● DATA
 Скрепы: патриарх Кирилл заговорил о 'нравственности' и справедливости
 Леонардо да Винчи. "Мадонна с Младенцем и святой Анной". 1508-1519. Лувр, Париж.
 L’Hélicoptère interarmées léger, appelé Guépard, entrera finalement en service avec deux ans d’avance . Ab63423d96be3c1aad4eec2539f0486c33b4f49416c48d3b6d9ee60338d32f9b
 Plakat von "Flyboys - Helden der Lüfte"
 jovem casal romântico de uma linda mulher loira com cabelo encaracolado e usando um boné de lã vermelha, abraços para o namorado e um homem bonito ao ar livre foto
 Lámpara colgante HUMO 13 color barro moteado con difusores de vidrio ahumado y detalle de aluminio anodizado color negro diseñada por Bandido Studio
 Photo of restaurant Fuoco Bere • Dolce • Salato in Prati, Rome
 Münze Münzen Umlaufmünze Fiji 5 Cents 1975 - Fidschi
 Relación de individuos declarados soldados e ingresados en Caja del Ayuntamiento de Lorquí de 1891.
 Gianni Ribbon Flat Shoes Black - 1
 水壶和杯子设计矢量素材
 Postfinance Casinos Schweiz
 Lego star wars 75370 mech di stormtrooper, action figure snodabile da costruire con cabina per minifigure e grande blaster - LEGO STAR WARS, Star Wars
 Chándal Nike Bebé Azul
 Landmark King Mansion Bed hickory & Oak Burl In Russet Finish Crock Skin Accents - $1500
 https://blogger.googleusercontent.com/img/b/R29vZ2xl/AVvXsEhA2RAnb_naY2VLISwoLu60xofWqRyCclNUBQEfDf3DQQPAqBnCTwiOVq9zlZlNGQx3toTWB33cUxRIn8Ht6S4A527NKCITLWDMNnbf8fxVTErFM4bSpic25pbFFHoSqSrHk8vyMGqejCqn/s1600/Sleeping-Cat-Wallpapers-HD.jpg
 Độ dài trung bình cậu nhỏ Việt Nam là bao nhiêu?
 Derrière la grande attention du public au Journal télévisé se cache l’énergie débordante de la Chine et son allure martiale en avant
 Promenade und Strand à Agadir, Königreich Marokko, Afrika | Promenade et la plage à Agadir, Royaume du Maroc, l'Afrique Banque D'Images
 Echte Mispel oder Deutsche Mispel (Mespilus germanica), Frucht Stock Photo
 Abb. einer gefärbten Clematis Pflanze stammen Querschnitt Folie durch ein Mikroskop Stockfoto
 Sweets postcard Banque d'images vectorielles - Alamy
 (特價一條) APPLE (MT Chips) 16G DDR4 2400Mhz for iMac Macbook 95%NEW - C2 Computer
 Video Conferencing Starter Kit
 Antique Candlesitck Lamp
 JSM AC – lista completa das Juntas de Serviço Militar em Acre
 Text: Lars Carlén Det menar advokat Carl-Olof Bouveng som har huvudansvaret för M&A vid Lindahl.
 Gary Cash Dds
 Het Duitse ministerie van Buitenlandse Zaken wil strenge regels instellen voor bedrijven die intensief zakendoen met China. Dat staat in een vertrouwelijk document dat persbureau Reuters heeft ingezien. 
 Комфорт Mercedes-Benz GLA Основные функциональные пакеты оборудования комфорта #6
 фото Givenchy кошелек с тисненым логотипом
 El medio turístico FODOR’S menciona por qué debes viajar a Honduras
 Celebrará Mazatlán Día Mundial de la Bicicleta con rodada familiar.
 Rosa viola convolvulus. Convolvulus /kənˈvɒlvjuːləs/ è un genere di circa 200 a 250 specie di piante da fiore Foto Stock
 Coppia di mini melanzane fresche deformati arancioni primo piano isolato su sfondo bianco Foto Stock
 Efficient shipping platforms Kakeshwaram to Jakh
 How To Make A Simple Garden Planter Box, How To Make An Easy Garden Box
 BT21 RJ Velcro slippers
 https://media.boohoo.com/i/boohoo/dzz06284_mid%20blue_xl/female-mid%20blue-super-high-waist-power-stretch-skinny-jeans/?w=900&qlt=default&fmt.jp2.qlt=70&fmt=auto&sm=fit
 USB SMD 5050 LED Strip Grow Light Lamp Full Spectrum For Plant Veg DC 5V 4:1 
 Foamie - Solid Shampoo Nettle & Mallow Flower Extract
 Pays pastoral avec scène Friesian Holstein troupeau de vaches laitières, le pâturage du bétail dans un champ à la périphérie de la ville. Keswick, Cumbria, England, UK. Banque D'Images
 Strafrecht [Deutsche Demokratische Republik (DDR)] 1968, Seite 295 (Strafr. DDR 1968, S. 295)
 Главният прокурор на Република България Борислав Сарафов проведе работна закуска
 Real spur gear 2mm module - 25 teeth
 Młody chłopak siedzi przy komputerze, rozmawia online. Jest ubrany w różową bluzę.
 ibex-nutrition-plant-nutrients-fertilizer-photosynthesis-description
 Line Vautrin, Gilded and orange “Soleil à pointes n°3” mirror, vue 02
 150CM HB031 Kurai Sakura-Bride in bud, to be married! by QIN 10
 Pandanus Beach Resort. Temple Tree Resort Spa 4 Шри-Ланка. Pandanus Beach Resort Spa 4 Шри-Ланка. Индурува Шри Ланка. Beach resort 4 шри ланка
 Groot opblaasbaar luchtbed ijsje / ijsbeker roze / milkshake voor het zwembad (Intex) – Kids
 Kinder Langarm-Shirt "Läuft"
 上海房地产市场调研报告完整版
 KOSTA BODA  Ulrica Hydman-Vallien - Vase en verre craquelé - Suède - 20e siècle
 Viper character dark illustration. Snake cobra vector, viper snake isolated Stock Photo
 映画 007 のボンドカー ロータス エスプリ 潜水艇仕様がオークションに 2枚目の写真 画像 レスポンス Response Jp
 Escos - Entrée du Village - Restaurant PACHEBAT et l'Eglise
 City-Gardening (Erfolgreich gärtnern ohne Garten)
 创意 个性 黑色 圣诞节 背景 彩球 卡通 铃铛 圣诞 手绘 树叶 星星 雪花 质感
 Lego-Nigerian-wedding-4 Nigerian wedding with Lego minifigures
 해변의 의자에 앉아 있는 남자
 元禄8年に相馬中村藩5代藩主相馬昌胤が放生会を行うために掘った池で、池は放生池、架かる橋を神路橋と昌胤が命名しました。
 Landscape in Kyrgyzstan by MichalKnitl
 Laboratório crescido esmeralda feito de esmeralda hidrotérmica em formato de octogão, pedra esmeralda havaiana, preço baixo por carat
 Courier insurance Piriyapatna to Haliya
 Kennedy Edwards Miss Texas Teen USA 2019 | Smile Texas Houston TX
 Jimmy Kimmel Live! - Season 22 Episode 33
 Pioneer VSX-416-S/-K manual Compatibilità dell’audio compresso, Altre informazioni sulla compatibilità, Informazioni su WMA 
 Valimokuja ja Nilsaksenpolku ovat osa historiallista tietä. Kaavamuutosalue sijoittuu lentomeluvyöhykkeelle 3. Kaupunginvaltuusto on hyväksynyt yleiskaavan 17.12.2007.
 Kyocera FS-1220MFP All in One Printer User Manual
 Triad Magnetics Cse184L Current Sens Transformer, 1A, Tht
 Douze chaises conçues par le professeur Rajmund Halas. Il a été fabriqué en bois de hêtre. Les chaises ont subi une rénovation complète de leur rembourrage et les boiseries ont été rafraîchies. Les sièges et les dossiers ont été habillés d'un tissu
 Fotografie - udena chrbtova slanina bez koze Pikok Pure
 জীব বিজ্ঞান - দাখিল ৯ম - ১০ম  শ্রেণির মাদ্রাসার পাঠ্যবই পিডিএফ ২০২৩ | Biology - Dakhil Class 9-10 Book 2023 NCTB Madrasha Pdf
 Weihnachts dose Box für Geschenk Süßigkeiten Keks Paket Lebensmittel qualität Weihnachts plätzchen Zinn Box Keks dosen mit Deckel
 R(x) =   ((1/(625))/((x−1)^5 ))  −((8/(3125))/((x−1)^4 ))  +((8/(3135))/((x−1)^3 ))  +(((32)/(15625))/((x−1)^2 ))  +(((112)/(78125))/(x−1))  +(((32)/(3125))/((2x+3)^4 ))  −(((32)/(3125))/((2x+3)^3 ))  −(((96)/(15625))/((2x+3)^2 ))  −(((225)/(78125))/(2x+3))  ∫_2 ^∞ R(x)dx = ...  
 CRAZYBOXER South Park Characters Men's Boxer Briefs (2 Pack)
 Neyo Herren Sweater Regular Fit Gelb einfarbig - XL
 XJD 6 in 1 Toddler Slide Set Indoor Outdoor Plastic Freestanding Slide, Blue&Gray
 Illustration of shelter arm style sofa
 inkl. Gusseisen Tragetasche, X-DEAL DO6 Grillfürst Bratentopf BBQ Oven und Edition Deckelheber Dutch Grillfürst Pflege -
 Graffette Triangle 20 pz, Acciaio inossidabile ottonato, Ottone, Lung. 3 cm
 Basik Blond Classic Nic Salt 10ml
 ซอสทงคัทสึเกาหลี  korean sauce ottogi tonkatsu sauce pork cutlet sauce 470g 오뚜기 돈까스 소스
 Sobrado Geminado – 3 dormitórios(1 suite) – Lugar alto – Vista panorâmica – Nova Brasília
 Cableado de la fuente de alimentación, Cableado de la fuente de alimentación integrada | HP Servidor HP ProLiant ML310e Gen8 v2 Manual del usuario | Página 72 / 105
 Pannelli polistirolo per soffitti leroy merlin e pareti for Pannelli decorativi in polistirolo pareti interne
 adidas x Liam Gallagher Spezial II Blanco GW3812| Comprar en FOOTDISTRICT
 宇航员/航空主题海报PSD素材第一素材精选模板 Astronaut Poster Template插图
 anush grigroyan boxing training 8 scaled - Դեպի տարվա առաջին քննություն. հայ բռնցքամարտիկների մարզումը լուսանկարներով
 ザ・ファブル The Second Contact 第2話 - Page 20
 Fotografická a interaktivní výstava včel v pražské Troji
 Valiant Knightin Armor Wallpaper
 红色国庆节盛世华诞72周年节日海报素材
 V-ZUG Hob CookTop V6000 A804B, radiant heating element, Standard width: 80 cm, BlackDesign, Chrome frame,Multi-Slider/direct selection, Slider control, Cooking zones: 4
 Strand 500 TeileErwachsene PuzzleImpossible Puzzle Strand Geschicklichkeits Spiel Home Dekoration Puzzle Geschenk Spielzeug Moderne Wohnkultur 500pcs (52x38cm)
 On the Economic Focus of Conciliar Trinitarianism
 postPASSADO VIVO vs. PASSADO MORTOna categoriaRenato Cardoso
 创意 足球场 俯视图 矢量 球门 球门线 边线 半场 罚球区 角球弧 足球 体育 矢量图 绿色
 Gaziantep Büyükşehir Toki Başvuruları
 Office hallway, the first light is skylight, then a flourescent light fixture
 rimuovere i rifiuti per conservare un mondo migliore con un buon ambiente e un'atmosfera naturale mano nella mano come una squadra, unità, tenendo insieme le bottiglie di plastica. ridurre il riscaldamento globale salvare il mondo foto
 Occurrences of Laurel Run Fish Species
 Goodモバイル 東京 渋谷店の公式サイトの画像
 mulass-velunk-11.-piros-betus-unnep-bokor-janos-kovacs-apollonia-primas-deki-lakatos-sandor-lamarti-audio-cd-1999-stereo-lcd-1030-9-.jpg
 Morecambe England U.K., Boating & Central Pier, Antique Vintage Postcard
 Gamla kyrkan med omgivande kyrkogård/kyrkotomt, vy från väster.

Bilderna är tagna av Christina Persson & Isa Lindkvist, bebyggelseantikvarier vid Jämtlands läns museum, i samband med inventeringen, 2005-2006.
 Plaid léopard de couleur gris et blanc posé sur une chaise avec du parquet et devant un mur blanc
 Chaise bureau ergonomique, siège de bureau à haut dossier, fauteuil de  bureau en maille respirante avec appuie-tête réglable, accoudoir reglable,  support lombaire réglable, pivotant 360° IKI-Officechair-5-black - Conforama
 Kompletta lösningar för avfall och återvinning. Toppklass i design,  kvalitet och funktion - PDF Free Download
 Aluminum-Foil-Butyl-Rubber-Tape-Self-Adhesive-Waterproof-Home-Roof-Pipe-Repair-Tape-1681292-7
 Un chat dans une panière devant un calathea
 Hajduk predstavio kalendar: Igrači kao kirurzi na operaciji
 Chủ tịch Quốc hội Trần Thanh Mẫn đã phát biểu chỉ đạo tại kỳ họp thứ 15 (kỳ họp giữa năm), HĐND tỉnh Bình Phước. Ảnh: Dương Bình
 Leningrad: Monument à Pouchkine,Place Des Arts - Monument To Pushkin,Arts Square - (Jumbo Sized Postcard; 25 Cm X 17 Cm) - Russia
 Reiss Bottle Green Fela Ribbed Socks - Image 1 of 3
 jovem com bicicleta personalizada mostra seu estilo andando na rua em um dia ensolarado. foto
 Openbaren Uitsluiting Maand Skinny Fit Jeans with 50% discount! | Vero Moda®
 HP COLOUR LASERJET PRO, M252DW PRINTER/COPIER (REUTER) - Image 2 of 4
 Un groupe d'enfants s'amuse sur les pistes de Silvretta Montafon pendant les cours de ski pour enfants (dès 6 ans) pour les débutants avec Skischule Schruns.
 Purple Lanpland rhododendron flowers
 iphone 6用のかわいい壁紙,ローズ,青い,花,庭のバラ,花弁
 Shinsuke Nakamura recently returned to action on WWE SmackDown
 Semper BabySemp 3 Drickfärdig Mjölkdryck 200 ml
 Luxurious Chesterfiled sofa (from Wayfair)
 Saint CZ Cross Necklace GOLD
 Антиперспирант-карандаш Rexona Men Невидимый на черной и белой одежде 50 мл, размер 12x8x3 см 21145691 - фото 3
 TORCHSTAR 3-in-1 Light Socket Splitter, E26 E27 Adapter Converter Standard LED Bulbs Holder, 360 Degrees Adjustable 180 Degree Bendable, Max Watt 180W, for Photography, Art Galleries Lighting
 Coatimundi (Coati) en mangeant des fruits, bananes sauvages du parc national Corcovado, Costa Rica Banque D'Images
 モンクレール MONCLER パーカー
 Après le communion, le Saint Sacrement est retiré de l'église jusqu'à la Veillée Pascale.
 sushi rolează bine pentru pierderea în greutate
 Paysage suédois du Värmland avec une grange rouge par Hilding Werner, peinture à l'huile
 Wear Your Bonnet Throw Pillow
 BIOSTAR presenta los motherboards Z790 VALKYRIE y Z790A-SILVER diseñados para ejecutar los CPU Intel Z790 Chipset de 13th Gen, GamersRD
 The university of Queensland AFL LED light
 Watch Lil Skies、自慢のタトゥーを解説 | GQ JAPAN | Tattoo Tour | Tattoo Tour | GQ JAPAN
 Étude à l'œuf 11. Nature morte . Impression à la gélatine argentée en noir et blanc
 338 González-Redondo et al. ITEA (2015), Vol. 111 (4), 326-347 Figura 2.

● WORK INSTRUCTION
Give back exactly the lines of the listing above that run from the line with "Basik Blond Classic Nic Salt 10ml" to the line with "宇航员/航空主题海报PSD素材第一素材精选模板 Astronaut Poster", inclusive.

● OUTPUT OF THE EXERCISE
 Basik Blond Classic Nic Salt 10ml
 ซอสทงคัทสึเกาหลี  korean sauce ottogi tonkatsu sauce pork cutlet sauce 470g 오뚜기 돈까스 소스
 Sobrado Geminado – 3 dormitórios(1 suite) – Lugar alto – Vista panorâmica – Nova Brasília
 Cableado de la fuente de alimentación, Cableado de la fuente de alimentación integrada | HP Servidor HP ProLiant ML310e Gen8 v2 Manual del usuario | Página 72 / 105
 Pannelli polistirolo per soffitti leroy merlin e pareti for Pannelli decorativi in polistirolo pareti interne
 adidas x Liam Gallagher Spezial II Blanco GW3812| Comprar en FOOTDISTRICT
 宇航员/航空主题海报PSD素材第一素材精选模板 Astronaut Poster Template插图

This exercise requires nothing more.